AI could help food systems detect pathogens, fraud, and contamination faster

From detecting salmonella to warning about unsafe food suppliers, a new review shows how AI is advancing food safety research to faster, predictive monitoring

Review: Artificial Intelligence in Food Safety. Image credit: TSViPhoto / Shutterstock

In a recent systematic review published in the journal npj food scienceresearchers synthesized findings from 161 peer-reviewed publications, including journal articles and conference proceedings, to map the rapid growth in research on artificial intelligence (A.I.) Food safety. In this review, we analyzed how machine learning works (M.L.) and deep learning (DL) algorithms are increasingly being utilized to support clinical testing and analysis. Additionally, these models are currently being used to predict chemical contamination and help track foodborne outbreaks, thereby improving the safety and efficiency of the global food supply chain.

The results of this review document the rapid increase in AI research and reported use of AI in published food safety research, in parallel with the move to advanced deep learning models. Ultimately, this review highlights the potential of AI to actively support safer and more resilient global agricultural systems and enhance food safety decision-making.

background

Ensuring food safety is a major global challenge that impacts public health, economic stability, and food security. Traditionally, protecting food intended for human consumption has relied heavily on reactive measures, such as testing food samples after production or investigating outbreaks after consumers become ill.
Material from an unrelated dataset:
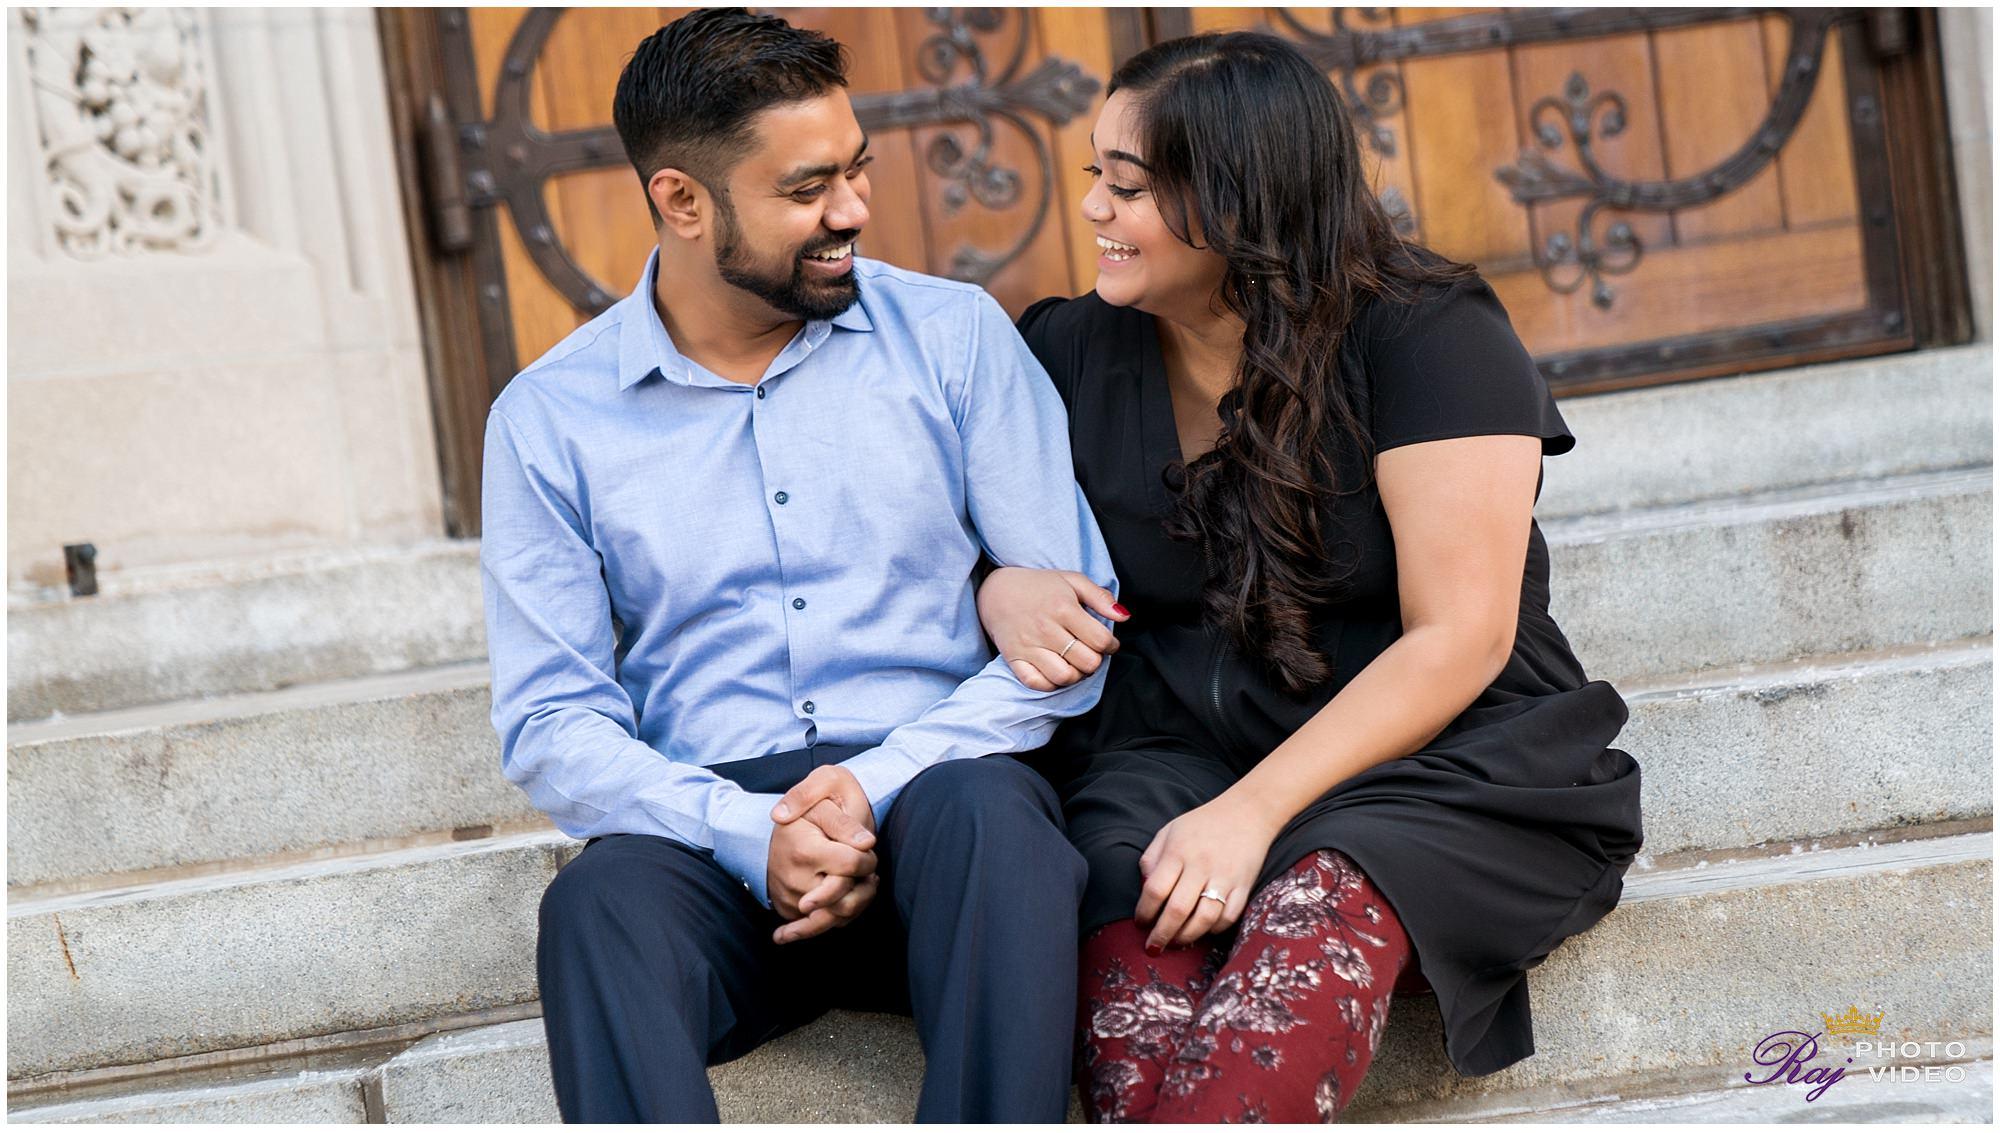 Princeton-University-Princeton-NJ-Engagement-Shoot-Krishna-Ritesh-6_Raj_Photo_Video.jpg

However, modern agricultural networks generate large amounts of data that cannot be efficiently processed using traditional manual inspection methods. To address this traditional limitation and ensure a safe and verified food supply, experts are increasingly turning to artificial intelligence (AI).

While traditional statistics have long monitored risk, AI is introducing tools such as machine learning, which extracts features from data to predict outcomes, and deep learning, which automatically interprets raw datasets.

The recent surge in interest in leveraging AI in food science is best illustrated by the number of peer-reviewed studies published each year. In 2012, only one study focused on the application of AI in food safety. By 2023, that number has increased to 46. However, until now, a cohesive global map outlining exactly how these algorithms are studied and applied across food safety research has remained lacking.

About reviews

This review aimed to synthesize this expanding scientific landscape and provide a roadmap for future research in this field. This review first screened 783 candidate publications from the SCOPUS database.

To streamline the review process, the review introduced an active learning software tool called ‘ASReview’. ASReview is an ML tool that sequentially ranks papers based on their predicted relevance. In particular, the ML tool was able to reflect the opinions of each researcher to narrow down the choices. Using ASReview, researchers screened 434 records at the title and abstract level before performing full-text evaluation.

After full-text evaluation, 161 primary research articles and peer-reviewed conference proceedings published up to April 2024 were selected for final analysis. These publications were categorized based on research domain, implementation context, data collection methods, other methodologies, and the specific AI architecture used.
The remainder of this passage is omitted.